2017-04-14 00:00:00 | Weblog
自社技術の流出を懸念
モデルチェンジの周期が長い独メーカー

 VWに限らず、ドイツの自動車メーカーは、良い製品をしっかりと作り、それを長く維持して利益を出すとともに、消費者や取引先の信頼を築いてきた。そうしたモノづくりの姿勢が消費者に浸透しているため、VWは不祥事の影響を最小限に食い止めることができたと考える。

2013年には、フォルクスワーゲンのゴルフが輸入車として初めて「日本カー・オブ・ザ・イヤー」を受賞した(2013年11月23日)

 「良い製品をしっかりと作る」代表例が、第2次大戦後にVWが本格的に生産を開始した「タイプ1(通称ビートル)」だ。タイプ1は、改良を重ねながらドイツ国内で1978年まで製造が続けられた。メキシコではさらに2003年まで製造が続けられ、その結果、タイプ1の累計生産台数は2100万台を超えている。

 タイプ1の後継と言える「ゴルフ」は、1974年発売の初代から6~9年の間隔で新型にモデルチェンジをしている(08年発売の6世代目は4年で新型に)。日米の自動車メーカーのモデルチェンジ周期はおよそ4~5年である。これより長い間隔を置くのはVWだけでなく、他のドイツメーカーも同様だ。

ディーゼルエンジン車へのこだわり

 一方で、VWの長いスパンでモノづくりを考える姿勢は、ディーゼルエンジン車へのこだわりにもつながった。

 トヨタは97年12月、世界初の量産型ハイブリッド車「プリウスを発売した。エンジンとモーターという二つの動力源を持つハイブリッド機構で燃費の向上を図るプリウスの登場は、エコカー開発でしのぎを削っていた世界の自動車メーカーに大きな影響を与えた。しかし、VWなどドイツの自動車メーカーは、プリウスに対する関心が薄かった。そんな複雑な機構を用いなくとも、元来燃費が良いとされ、ヨーロッパでは小型車を中心に定着していたディーゼルエンジンの活用で代替できると考えた。

 19世紀末に開発されたディーゼルエンジンは、揮発性の少ない軽油を燃料とし、石油に限らず植物などから取れる油も使えることから、VWやダイムラー・ベンツは、植物由来のバイオ燃料を使うことで二酸化炭素(CO2)排出量を抑えることも検討していた。国内でも、てんぷら油の再利用といった話題がニュースになったこともある。しかし、「燃費向上」と「排出ガス浄化」の両面で、年を追うごとに規制が厳しくなるなか、ディーゼルエンジンの排出ガス浄化は、ガソリンエンジンに比べて達成がより難しく、浄化装置に多くのコストがかかるようになっていった。

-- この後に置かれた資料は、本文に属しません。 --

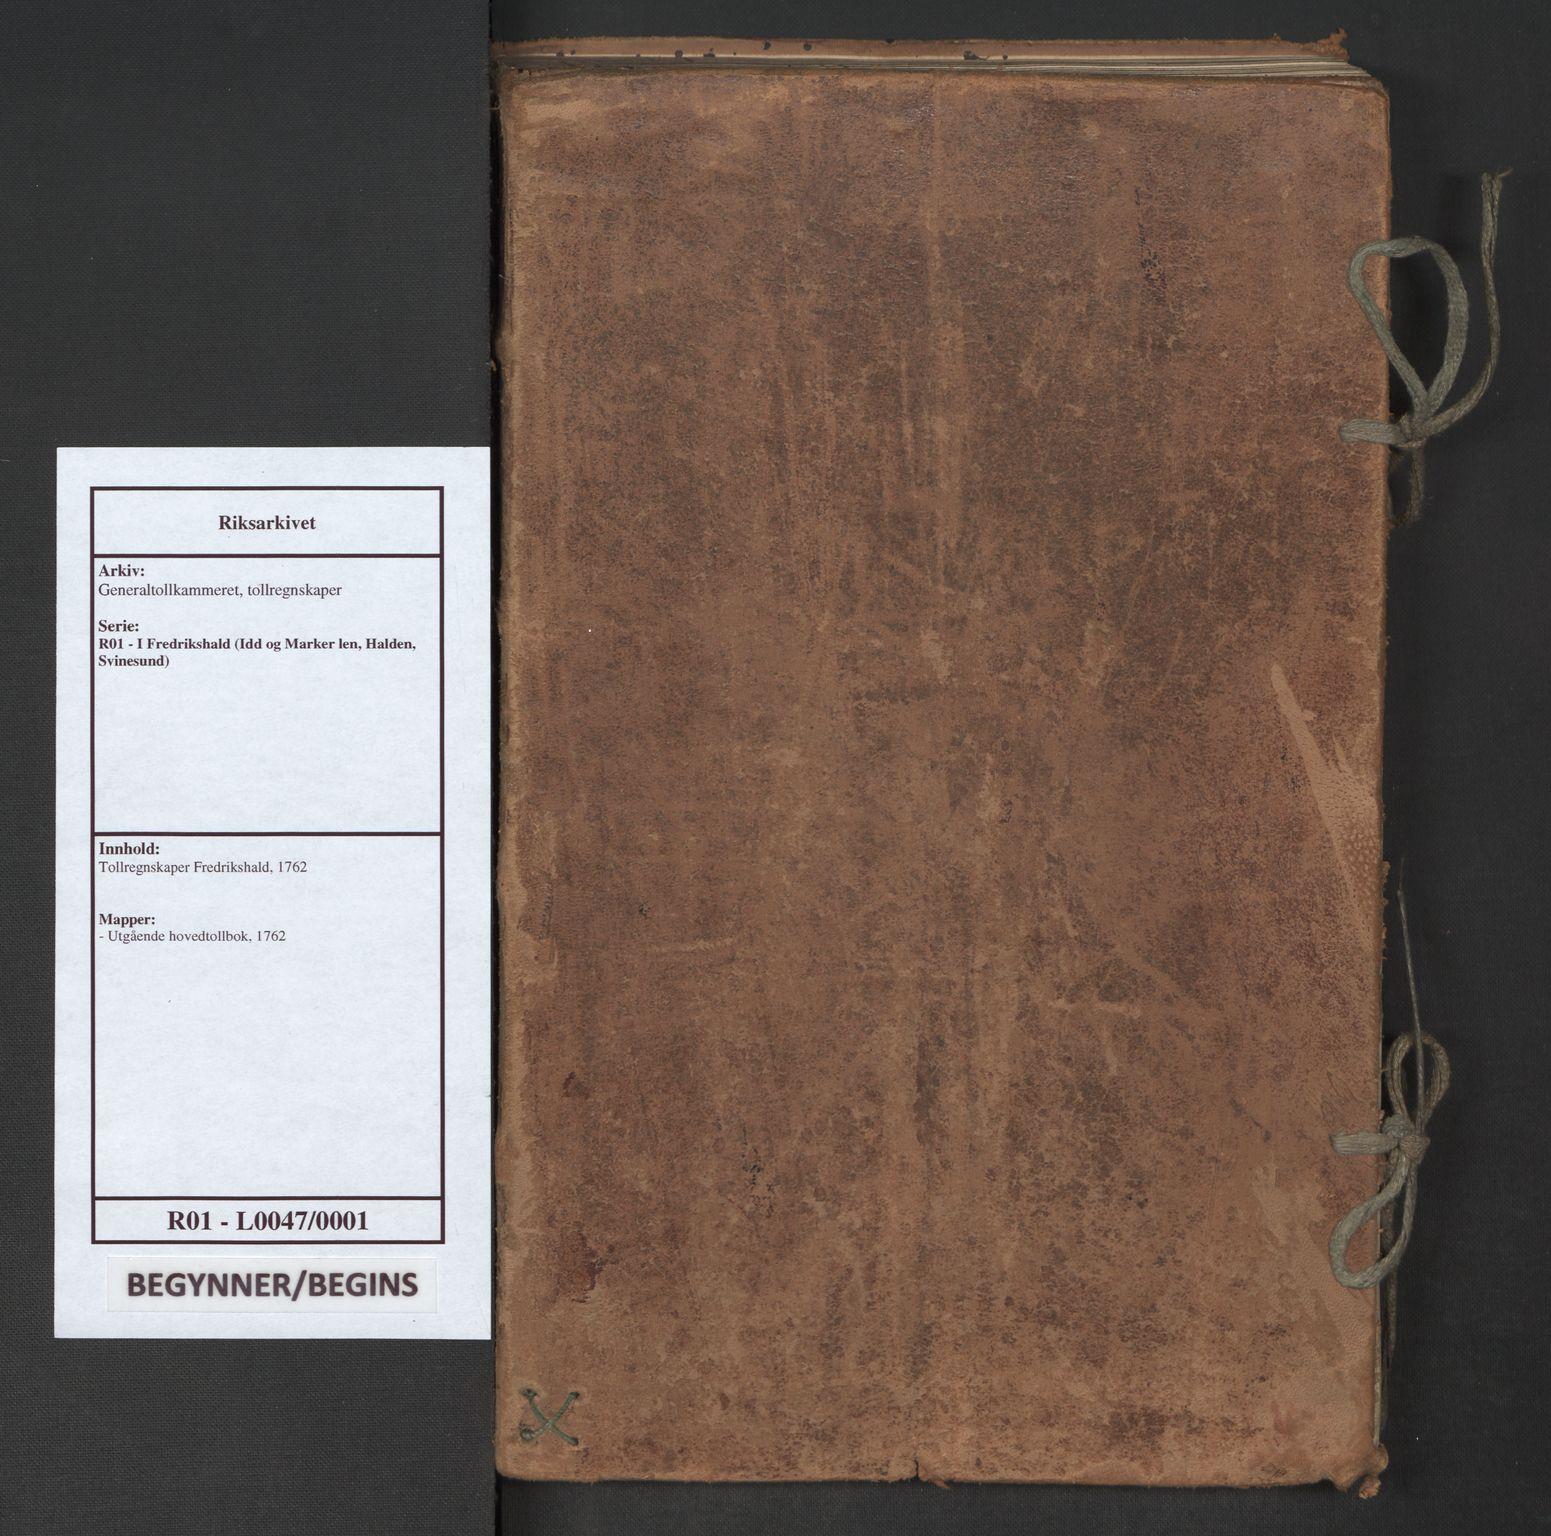 RA, Generaltollkammeret, tollregnskaper, R01/L0047: Tollregnskaper Fredrikshald, 1762

 排出ガス浄化に関して、アメリカはカリフォルニアを中心に、ヨーロッパに先行して厳しい規制を設けている市場である。日本もまた、排出ガス規制が世界一と言われるほど厳しい。ところが、VWはガソリンエンジンを使うハイブリッド車を生産していない。そうした状況のなかで、VWはトヨタやゼネラル・モーターズ(GM)と世界一を争っていたのである。

 日本にいると、トヨタ、GMと並んで自動車業界の「ビッグ3」の一角であるVWは、アメリカ市場でも大きな販売力を誇っていると思いがちになる。しかし、VWのアメリカでの販売台数は、2016年で約59万台に過ぎない。約245万台のトヨタとは4倍の開きがある。一方のトヨタは、15年まで4年連続で世界一の販売台数を保持していたが、その屋台骨を支えているのはアメリカ市場だ。

中国市場で後れをとるトヨタ

トヨタの中国での年間販売台数は、フォルクスワーゲンの3分の1以下にとどまっている(2016年4月25日、北京モーターショーのトヨタ自動車のブース)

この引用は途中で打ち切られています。